Humility, for us, at its essence, is what God cannot do. He can’t. He can’t be humble like this; namely, he cannot gladly say, “I’m not God. Hooray!” God can’t say that. It would be the undoing of the universe.
Humility on the Tree
But let’s end like this, because this is what he’s really getting at, and I think it’s the right answer. I was asked this question one time at an ETS meeting after I gave a big talk on God’s pursuit of his own glory. Somebody stood up and said, “So, there’s no humility in God, right?”
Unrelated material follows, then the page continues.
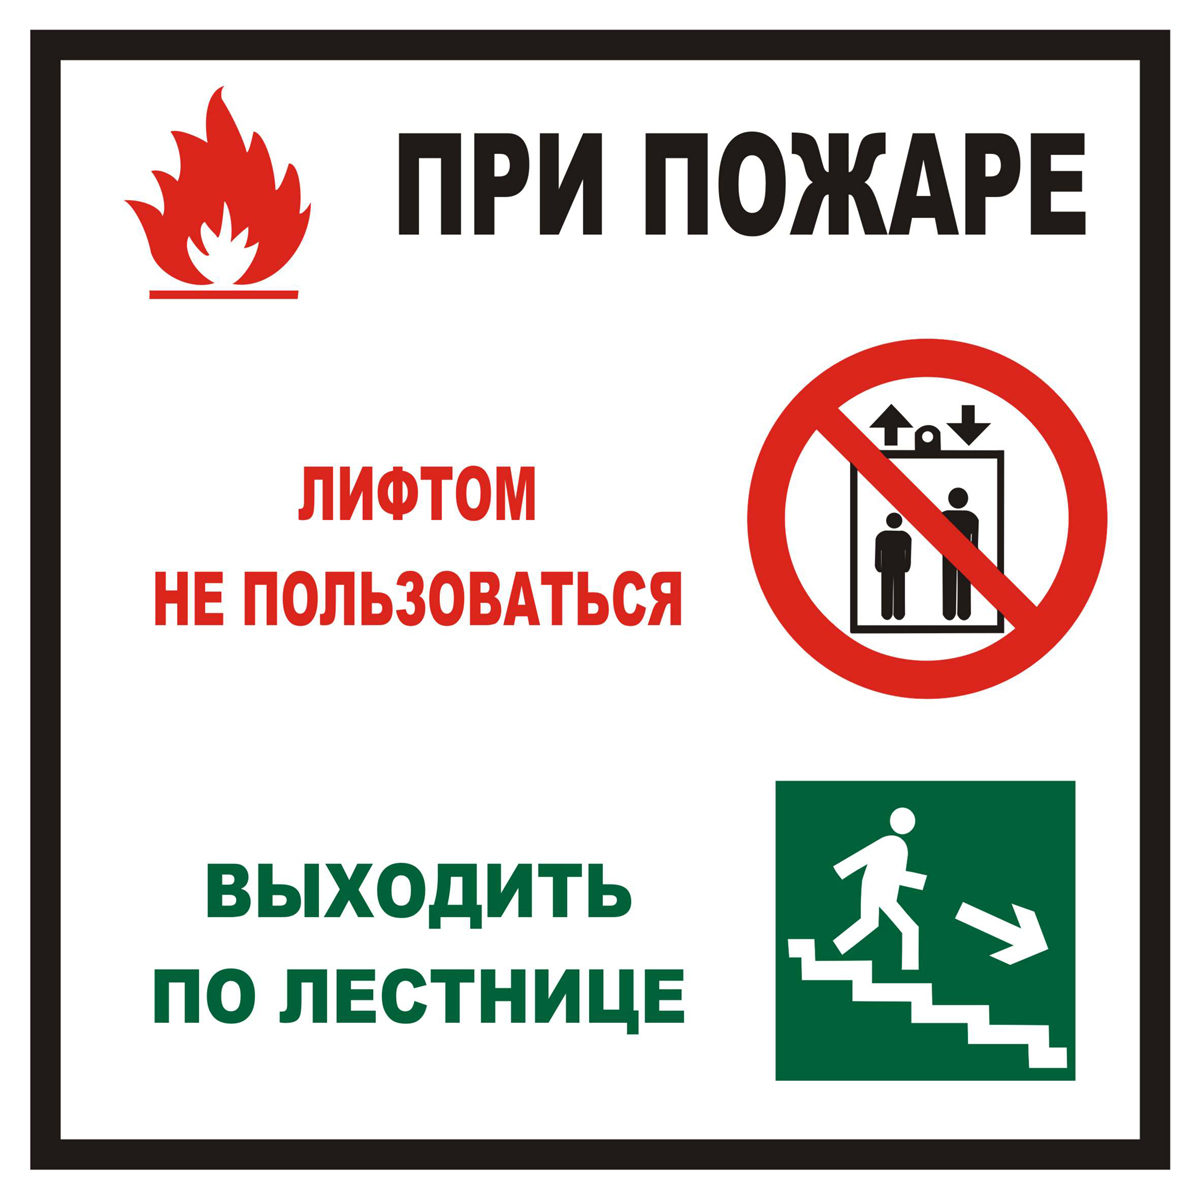 Знак T999K При пожаре лифтом не пользоваться, выходить по лестнице (Пленка 200 х 200)

Here was more or less of what I said: Perfect humility — that is, perfect, happy eagerness not to be God, but to trust God, depend upon God, treasure God — is required of all human beings. It was required of Adam; he failed. It’s required of us, and we have failed. God loves such humility. It is in his nature to consider humility — human humility — a beautiful thing. It’s in his nature to delight in it. And he means to have it from his people, whom he possesses, and who will possess that kind of humility as his children forever.
So, he does the unthinkable: he takes on human nature. The Son of God becomes the God-man, precisely to do what God as God cannot do: be perfectly humble in his human nature. Christ perfectly trusted his Father, perfectly depended on his Father. And in his dependence, he did what only a perfect human in union with God could do: “Being found in human form, he humbled himself by becoming obedient to the point of death, even death on a cross” (Philippians 2:8)
So, here’s my conclusion: God, considered absolutely as God, cannot be humble — though he can be and is loving. But the God-man, in his perfect humanity, could be humble, and was. And in that sense, has taken the beauty of humility into the Godhead. For Christ, the God-man, will always be God and man forever.